**EXERCISE OBJECTIVE**
Restate each entry shown beneath this instruction, keeping its wording intact.

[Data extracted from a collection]
################

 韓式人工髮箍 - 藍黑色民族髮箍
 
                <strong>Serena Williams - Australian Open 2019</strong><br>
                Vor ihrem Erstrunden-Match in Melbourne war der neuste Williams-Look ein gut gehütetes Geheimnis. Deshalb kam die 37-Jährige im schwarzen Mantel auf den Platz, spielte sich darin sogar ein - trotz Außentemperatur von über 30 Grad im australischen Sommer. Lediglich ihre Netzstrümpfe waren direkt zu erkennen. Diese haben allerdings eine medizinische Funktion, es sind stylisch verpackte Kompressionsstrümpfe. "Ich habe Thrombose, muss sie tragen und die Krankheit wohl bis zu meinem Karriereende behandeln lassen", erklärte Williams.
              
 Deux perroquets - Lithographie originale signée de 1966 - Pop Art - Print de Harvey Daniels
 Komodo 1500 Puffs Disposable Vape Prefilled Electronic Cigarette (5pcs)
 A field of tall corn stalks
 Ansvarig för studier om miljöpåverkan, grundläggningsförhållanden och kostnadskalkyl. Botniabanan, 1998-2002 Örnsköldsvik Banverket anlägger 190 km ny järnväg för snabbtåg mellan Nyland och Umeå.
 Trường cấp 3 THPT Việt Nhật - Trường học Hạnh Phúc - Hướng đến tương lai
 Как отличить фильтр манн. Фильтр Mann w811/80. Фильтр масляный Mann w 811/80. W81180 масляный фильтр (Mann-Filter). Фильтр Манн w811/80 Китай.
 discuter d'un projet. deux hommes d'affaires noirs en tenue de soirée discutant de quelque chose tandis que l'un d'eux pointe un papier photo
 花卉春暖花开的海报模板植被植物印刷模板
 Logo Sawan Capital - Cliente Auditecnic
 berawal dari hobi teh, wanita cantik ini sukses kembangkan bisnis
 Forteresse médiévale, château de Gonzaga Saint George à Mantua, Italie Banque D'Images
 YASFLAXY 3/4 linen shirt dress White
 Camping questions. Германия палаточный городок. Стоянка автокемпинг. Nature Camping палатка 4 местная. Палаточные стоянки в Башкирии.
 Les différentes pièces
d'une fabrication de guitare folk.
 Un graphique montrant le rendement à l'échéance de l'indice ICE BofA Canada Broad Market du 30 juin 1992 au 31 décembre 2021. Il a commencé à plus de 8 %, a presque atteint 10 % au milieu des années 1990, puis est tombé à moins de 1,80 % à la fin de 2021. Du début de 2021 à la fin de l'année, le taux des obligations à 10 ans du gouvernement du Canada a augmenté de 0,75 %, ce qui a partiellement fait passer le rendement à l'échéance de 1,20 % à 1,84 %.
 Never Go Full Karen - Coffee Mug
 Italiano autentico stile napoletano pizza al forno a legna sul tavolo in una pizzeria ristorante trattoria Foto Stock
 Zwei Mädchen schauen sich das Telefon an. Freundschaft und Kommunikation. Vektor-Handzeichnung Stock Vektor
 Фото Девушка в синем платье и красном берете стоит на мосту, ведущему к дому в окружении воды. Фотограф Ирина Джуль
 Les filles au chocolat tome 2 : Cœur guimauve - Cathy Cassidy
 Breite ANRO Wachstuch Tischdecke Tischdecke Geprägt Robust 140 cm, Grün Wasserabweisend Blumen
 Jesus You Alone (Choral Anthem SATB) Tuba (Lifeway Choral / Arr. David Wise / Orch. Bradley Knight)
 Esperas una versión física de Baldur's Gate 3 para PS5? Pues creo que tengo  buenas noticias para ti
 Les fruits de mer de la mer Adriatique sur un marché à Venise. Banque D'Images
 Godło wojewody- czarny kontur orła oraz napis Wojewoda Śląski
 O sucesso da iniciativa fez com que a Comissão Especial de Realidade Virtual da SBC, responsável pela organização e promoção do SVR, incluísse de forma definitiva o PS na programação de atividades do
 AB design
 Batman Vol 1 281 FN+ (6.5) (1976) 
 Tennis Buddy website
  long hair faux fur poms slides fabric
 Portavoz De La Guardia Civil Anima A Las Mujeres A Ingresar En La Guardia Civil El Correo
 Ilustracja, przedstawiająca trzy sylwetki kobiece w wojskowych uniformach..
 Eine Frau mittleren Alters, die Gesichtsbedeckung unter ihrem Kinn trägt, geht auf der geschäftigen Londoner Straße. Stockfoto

################

**FINISHED EXERCISE**
 韓式人工髮箍 - 藍黑色民族髮箍
 
                <strong>Serena Williams - Australian Open 2019</strong><br>
                Vor ihrem Erstrunden-Match in Melbourne war der neuste Williams-Look ein gut gehütetes Geheimnis. Deshalb kam die 37-Jährige im schwarzen Mantel auf den Platz, spielte sich darin sogar ein - trotz Außentemperatur von über 30 Grad im australischen Sommer. Lediglich ihre Netzstrümpfe waren direkt zu erkennen. Diese haben allerdings eine medizinische Funktion, es sind stylisch verpackte Kompressionsstrümpfe. "Ich habe Thrombose, muss sie tragen und die Krankheit wohl bis zu meinem Karriereende behandeln lassen", erklärte Williams.
              
 Deux perroquets - Lithographie originale signée de 1966 - Pop Art - Print de Harvey Daniels
 Komodo 1500 Puffs Disposable Vape Prefilled Electronic Cigarette (5pcs)
 A field of tall corn stalks
 Ansvarig för studier om miljöpåverkan, grundläggningsförhållanden och kostnadskalkyl. Botniabanan, 1998-2002 Örnsköldsvik Banverket anlägger 190 km ny järnväg för snabbtåg mellan Nyland och Umeå.
 Trường cấp 3 THPT Việt Nhật - Trường học Hạnh Phúc - Hướng đến tương lai
 Как отличить фильтр манн. Фильтр Mann w811/80. Фильтр масляный Mann w 811/80. W81180 масляный фильтр (Mann-Filter). Фильтр Манн w811/80 Китай.
 discuter d'un projet. deux hommes d'affaires noirs en tenue de soirée discutant de quelque chose tandis que l'un d'eux pointe un papier photo
 花卉春暖花开的海报模板植被植物印刷模板
 Logo Sawan Capital - Cliente Auditecnic
 berawal dari hobi teh, wanita cantik ini sukses kembangkan bisnis
 Forteresse médiévale, château de Gonzaga Saint George à Mantua, Italie Banque D'Images
 YASFLAXY 3/4 linen shirt dress White
 Camping questions. Германия палаточный городок. Стоянка автокемпинг. Nature Camping палатка 4 местная. Палаточные стоянки в Башкирии.
 Les différentes pièces
d'une fabrication de guitare folk.
 Un graphique montrant le rendement à l'échéance de l'indice ICE BofA Canada Broad Market du 30 juin 1992 au 31 décembre 2021. Il a commencé à plus de 8 %, a presque atteint 10 % au milieu des années 1990, puis est tombé à moins de 1,80 % à la fin de 2021. Du début de 2021 à la fin de l'année, le taux des obligations à 10 ans du gouvernement du Canada a augmenté de 0,75 %, ce qui a partiellement fait passer le rendement à l'échéance de 1,20 % à 1,84 %.
 Never Go Full Karen - Coffee Mug
 Italiano autentico stile napoletano pizza al forno a legna sul tavolo in una pizzeria ristorante trattoria Foto Stock
 Zwei Mädchen schauen sich das Telefon an. Freundschaft und Kommunikation. Vektor-Handzeichnung Stock Vektor
 Фото Девушка в синем платье и красном берете стоит на мосту, ведущему к дому в окружении воды. Фотограф Ирина Джуль
 Les filles au chocolat tome 2 : Cœur guimauve - Cathy Cassidy
 Breite ANRO Wachstuch Tischdecke Tischdecke Geprägt Robust 140 cm, Grün Wasserabweisend Blumen
 Jesus You Alone (Choral Anthem SATB) Tuba (Lifeway Choral / Arr. David Wise / Orch. Bradley Knight)
 Esperas una versión física de Baldur's Gate 3 para PS5? Pues creo que tengo  buenas noticias para ti
 Les fruits de mer de la mer Adriatique sur un marché à Venise. Banque D'Images
 Godło wojewody- czarny kontur orła oraz napis Wojewoda Śląski
 O sucesso da iniciativa fez com que a Comissão Especial de Realidade Virtual da SBC, responsável pela organização e promoção do SVR, incluísse de forma definitiva o PS na programação de atividades do
 AB design
 Batman Vol 1 281 FN+ (6.5) (1976) 
 Tennis Buddy website
  long hair faux fur poms slides fabric
 Portavoz De La Guardia Civil Anima A Las Mujeres A Ingresar En La Guardia Civil El Correo
 Ilustracja, przedstawiająca trzy sylwetki kobiece w wojskowych uniformach..
 Eine Frau mittleren Alters, die Gesichtsbedeckung unter ihrem Kinn trägt, geht auf der geschäftigen Londoner Straße. Stockfoto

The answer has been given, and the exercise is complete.